• Metallics Awash – Ann Wilson

    Date posted: April 25, 2007 Author: jolanta

    Trey Reed: I started painting three years ago when I started working with Chinese calligraphy and stuff like that, stencils too. That’s kind of where I started, I don’t know why, but I’ve always had some fascination with Chinese characters.
    Ann Wilson: Does that involve Chinese literature as well?
    TR: Not so much, it’s more just the aesthetic feel of the characters.

    Metallics Awash – Ann Wilson

    Trey Reed

    Trey Reed

     

    Trey Reed: I started painting three years ago when I started working with Chinese calligraphy and stuff like that, stencils too. That’s kind of where I started, I don’t know why, but I’ve always had some fascination with Chinese characters.

    Ann Wilson: Does that involve Chinese literature as well?

    TR: Not so much, it’s more just the aesthetic feel of the characters.

    AW: It’s more of the visual…

    TR: Yeah, the visual. I mean, I know what I’m writing on there as far as the meaning of the characters, but it doesn’t really have any more depth or meaning than that.

    AW: You should check out the Japan Society while you’re in New York, and also, go to the Asian galleries at the Met. Both the Japanese and the Chinese galleries are stupendous. You must have something similar in San Francisco since you have a big Asian community there.

    TR: Oh huge, huge.

    AW: Do you know any Asian artists?

    TR: I’ve met about three or four; I don’t know them per se, but I’ve met them in the past. They’re there; they just tend to stick together. Nothing you can do about that. There are not a lot of them though, from what I can tell.

    AW: Do you have a comparable group of painter friends?

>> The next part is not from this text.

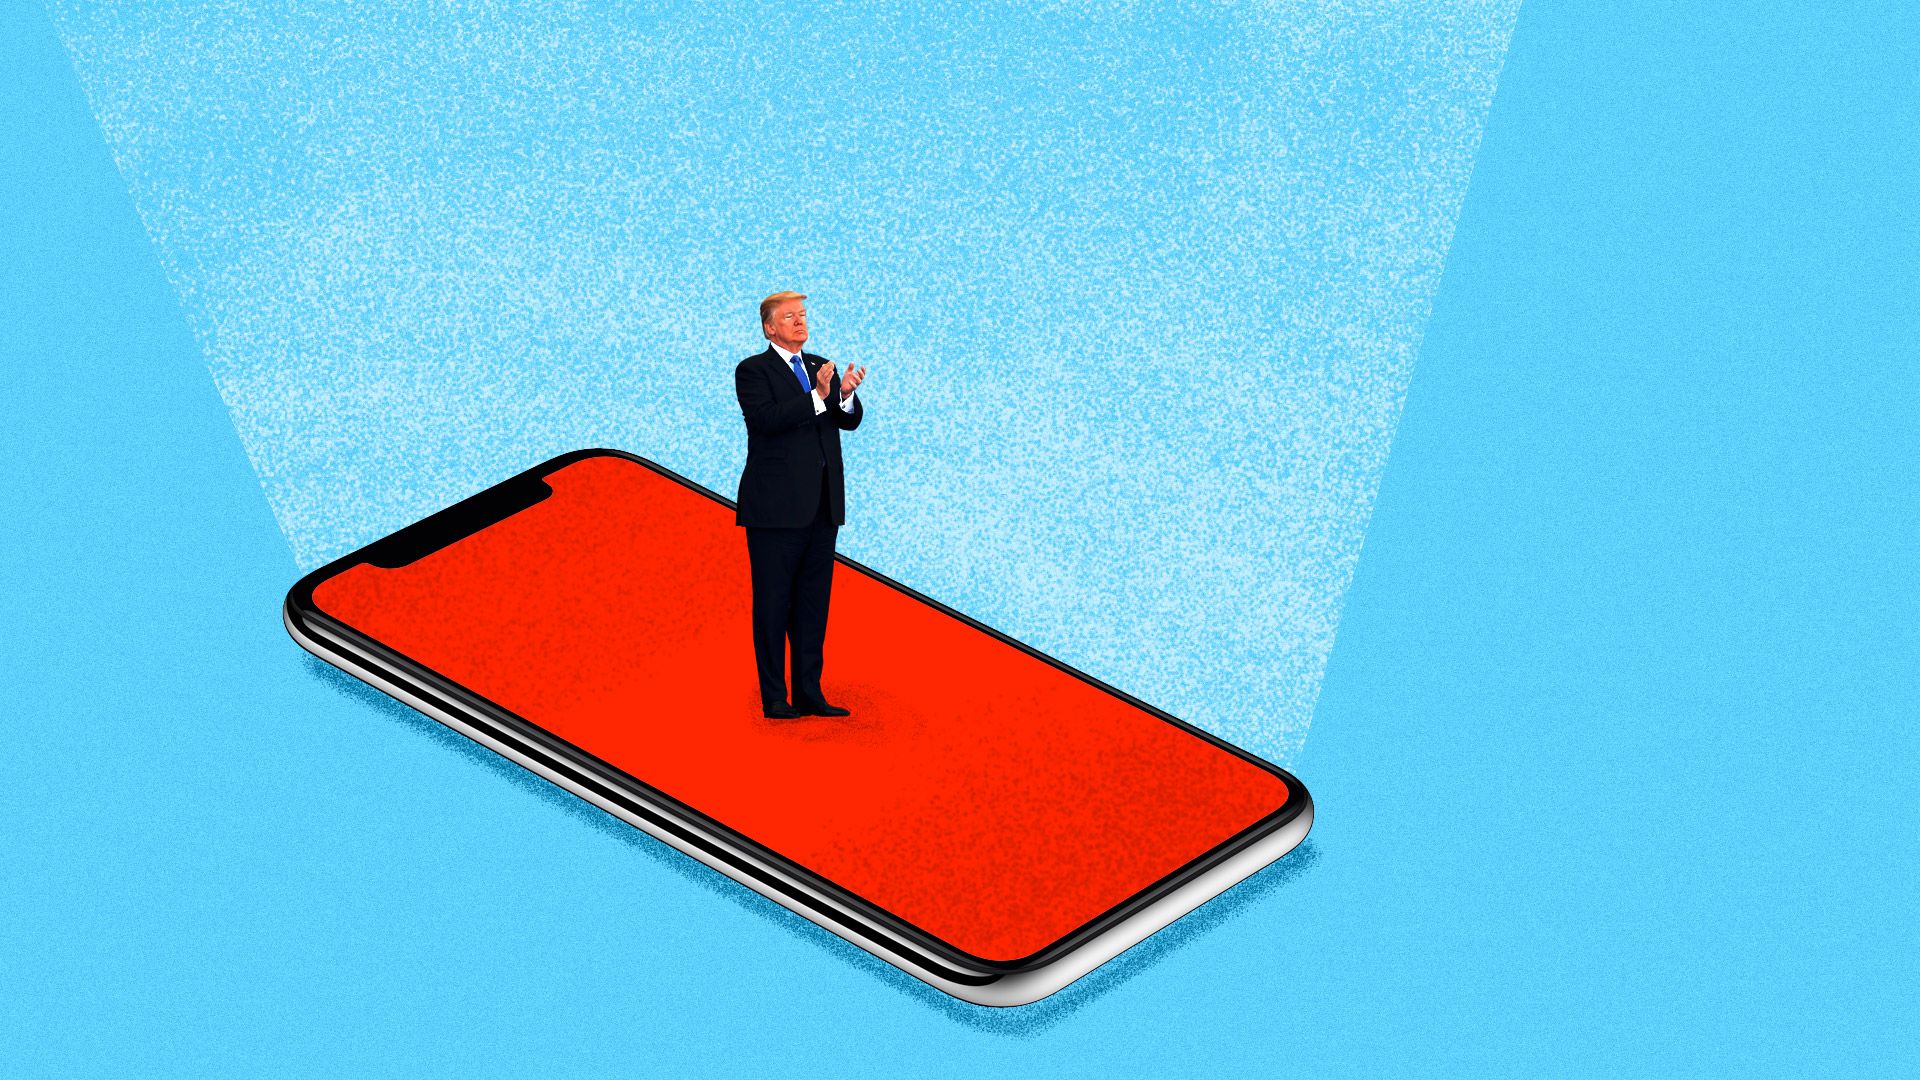 Illustration of Trump clapping on top of a cell phone

    TR: I really don’t. I feel like I’m kind of out there all by myself, which I don’t mind. People are generally interested in hearing about my work, however, so I don’t get sick of it. I met an artist recently, like three days ago, who does the same kind of work that I do. That was the first person I really met there since my friends have already done the college thing and are in a career. I was doing that too—I was working for the family business, but this art thing just came out of nowhere. There’s a whole story behind how it happened but, anyway, for three years now, I’ve been doing this.

    AW: Because I’m a painter, the thing I noticed in your work is that you work on a very large scale.

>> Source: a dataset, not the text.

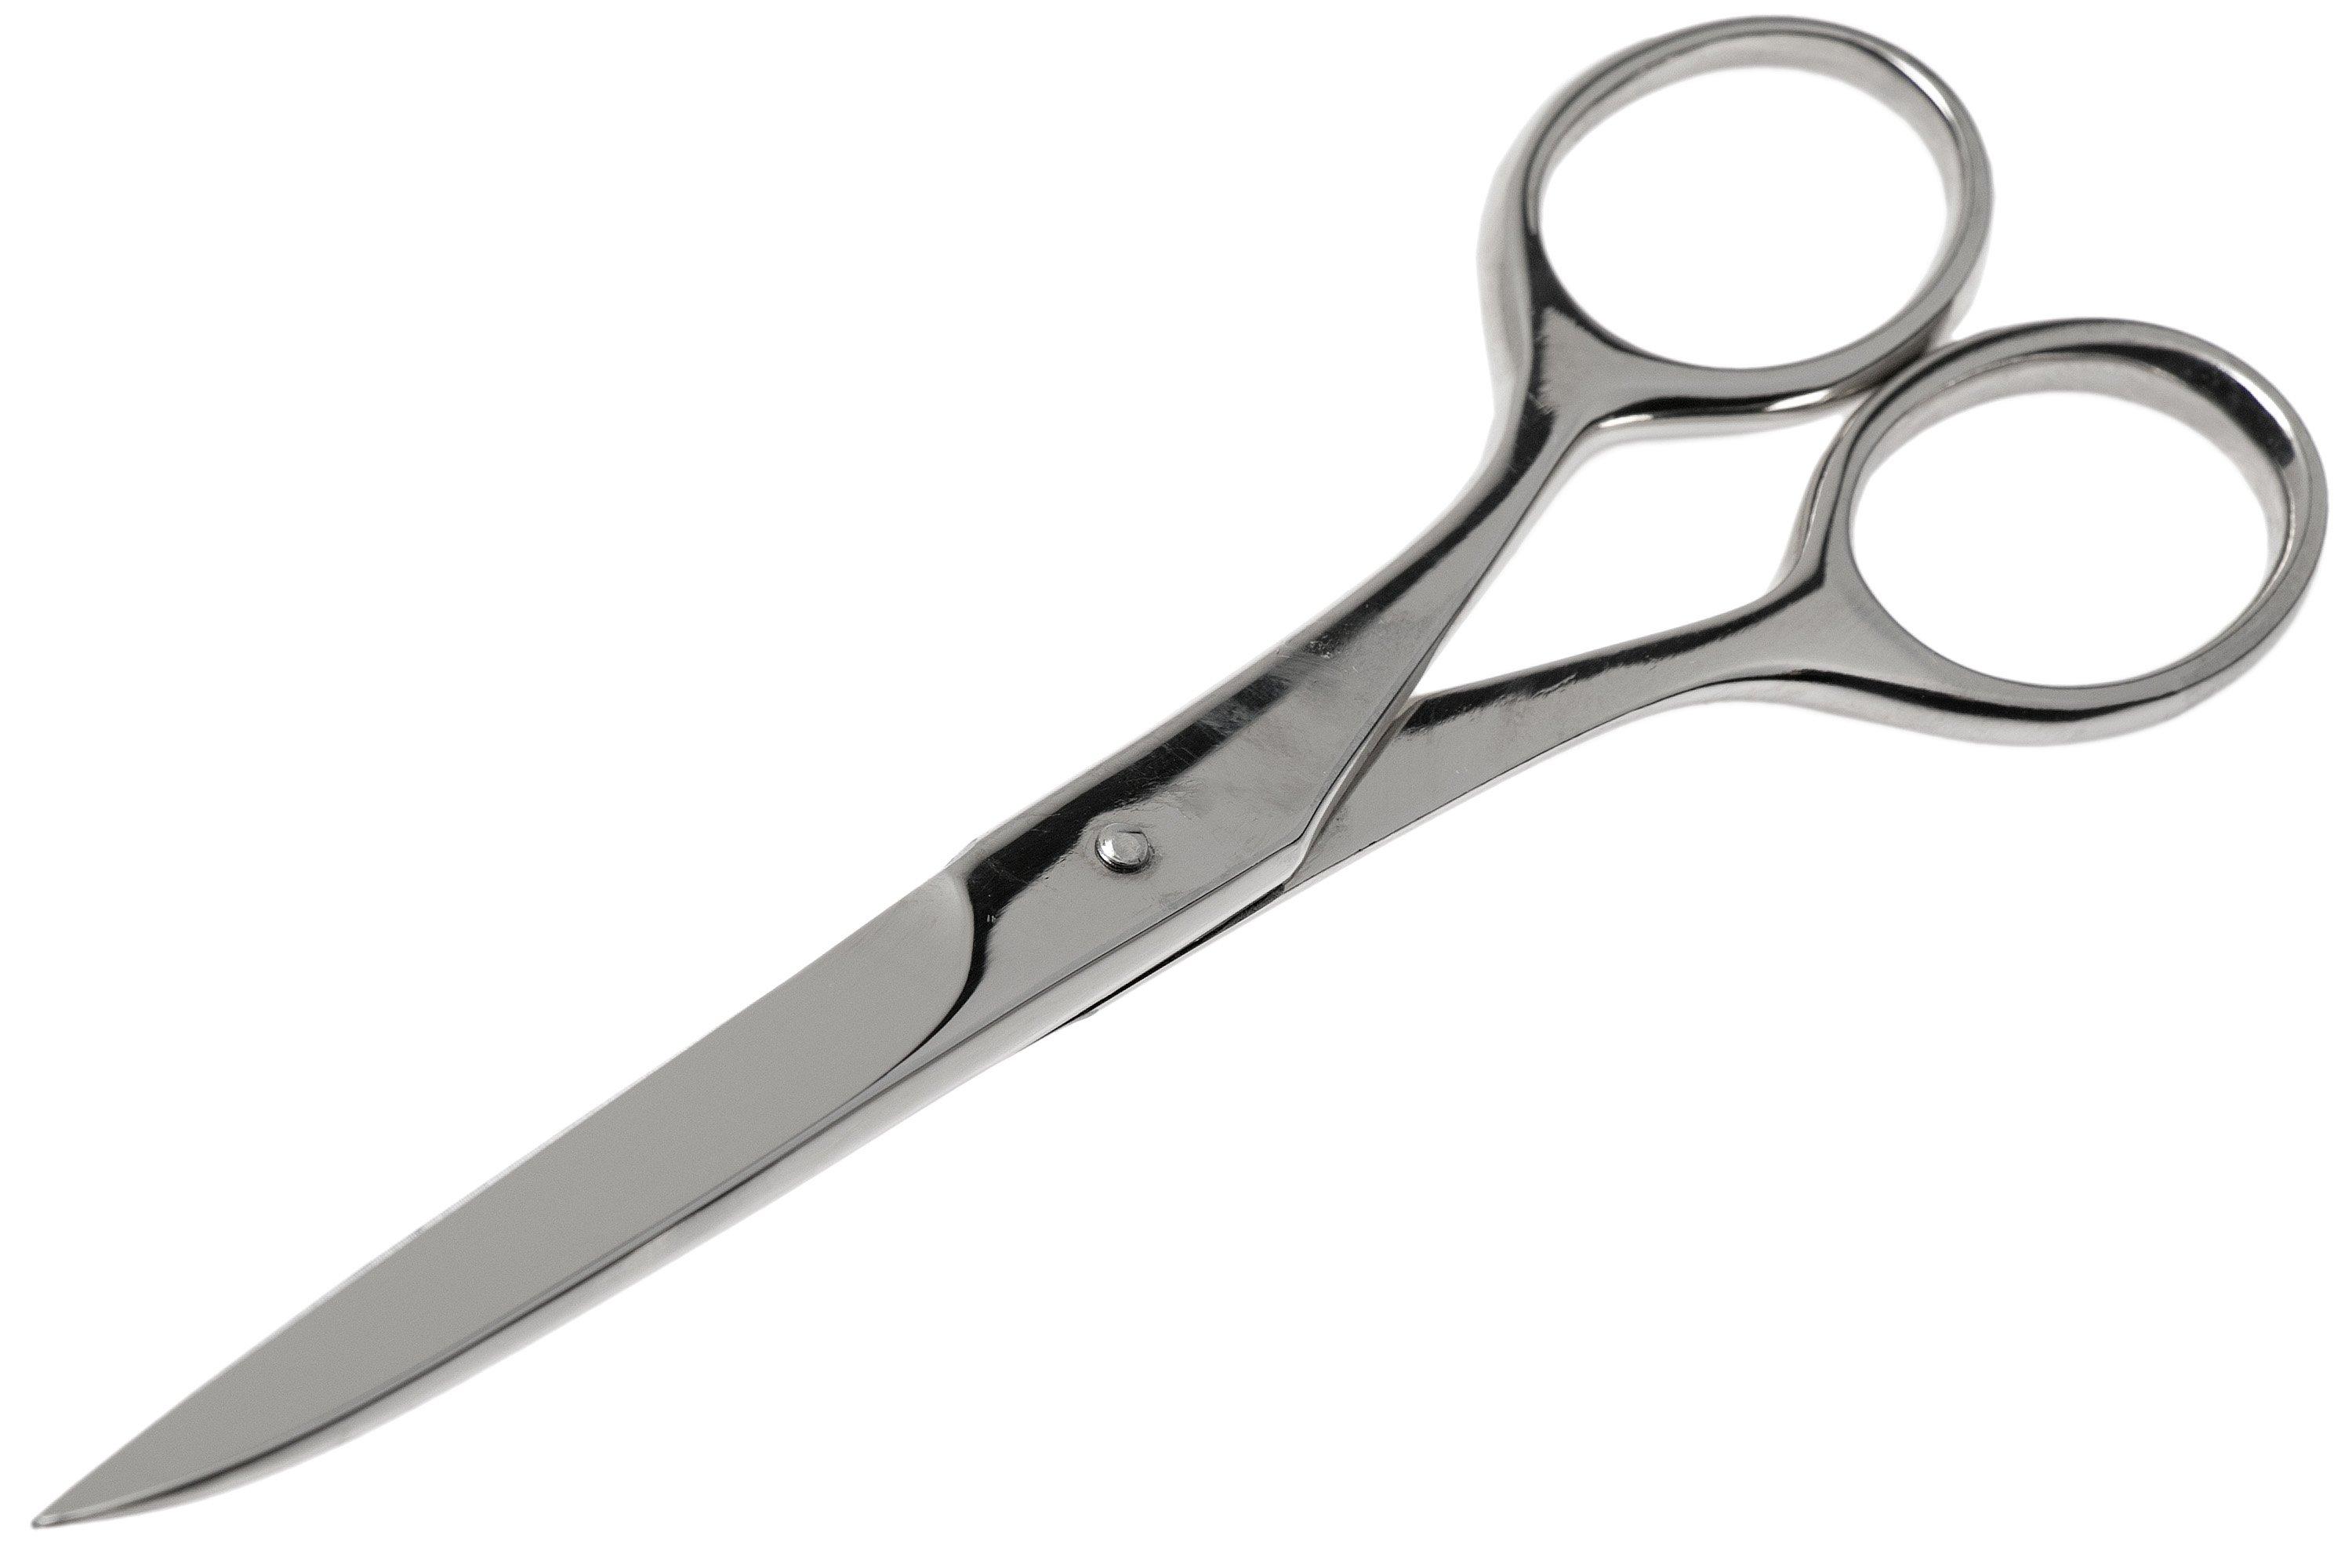 cm | household 8.1016.15, Sweden scissors Victorinox at Advantageously shopping 15

    TR: The largest painting to date that I’ve completed was eight feet by 20 feet and eight feet by 16 feet for a commercial.

    AW: The second thing that interested me is that you work in different textures. Some pieces are thick, but you work thin more often. Did one technique or style precede the other?

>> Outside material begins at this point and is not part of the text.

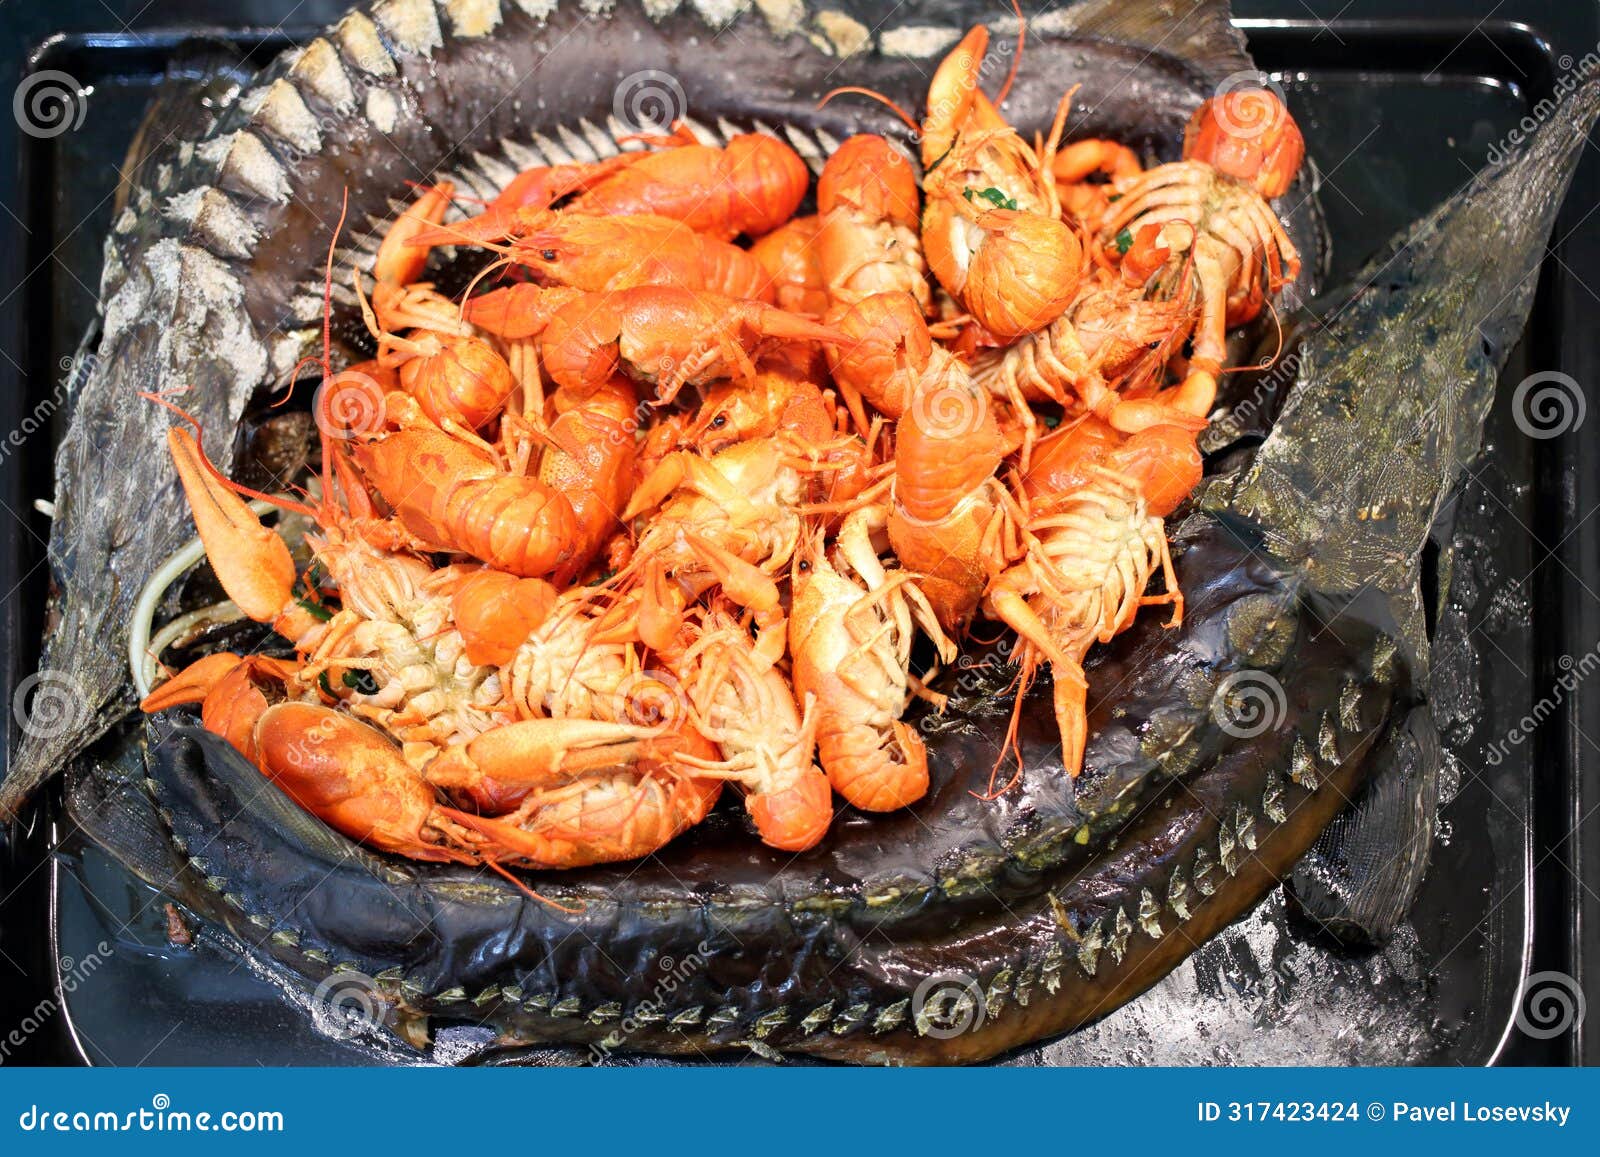 baked sturgeons and crayfish on a black pan,

    TR: The more texturized ones are the earlier ones. Actually, I kind of jumped around. I started with texture—everyone fears a blank canvas, so if you can’t think of a color to start with, start with a texture. Just throw Spackle or something on there and get started. I always began by doing that.

    I had this huge commission that I recently finished and it took me a year and my dad couldn’t understand why I didn’t just get it done. Finally, he came to my studio at four o’clock in the morning. He was like, “What are you doing? Oh I get it, you can’t hand them over until you’re okay with them.”

    AW: The thin washes came later?

    TR: They’re the later ones. The inspiration there comes from my mother. She was a watercolorist. Now she’s a designer and has been for 35 years. So, I got this technique from her, definitely. She always favored watercolor and said to me: “Why don’t you try?”  Actually, I love watercolor and the whole look of it. I love the dripping, the letting it do its own thing. So, I personally favor watercolor and not so much texture. I just have a hard time going there.

    I have about four or five different styles of painting that I can start out with and afterward go in some general direction. One is kind of a like a grid and I have a series of those that I’ve done. Then there are the ones that have a criss-cross texture, but thicker. The materiality of these is almost like molding paste.

    AW: I suppose that your color sensibility tends to be low on the color value scale. It appears as if browns and perhaps reds are as far as you venture up the scale.

    TR: I jump back and forth between the glossy and the mat. I’m colorblind for one, and I don’t like red. I favor earth tones, metallics. There’s a lot more metallic in there than you would realize. And sky blue, I like that color too.

    I have a tendency to create heavy, dark paintings. So, my new goal is less is more.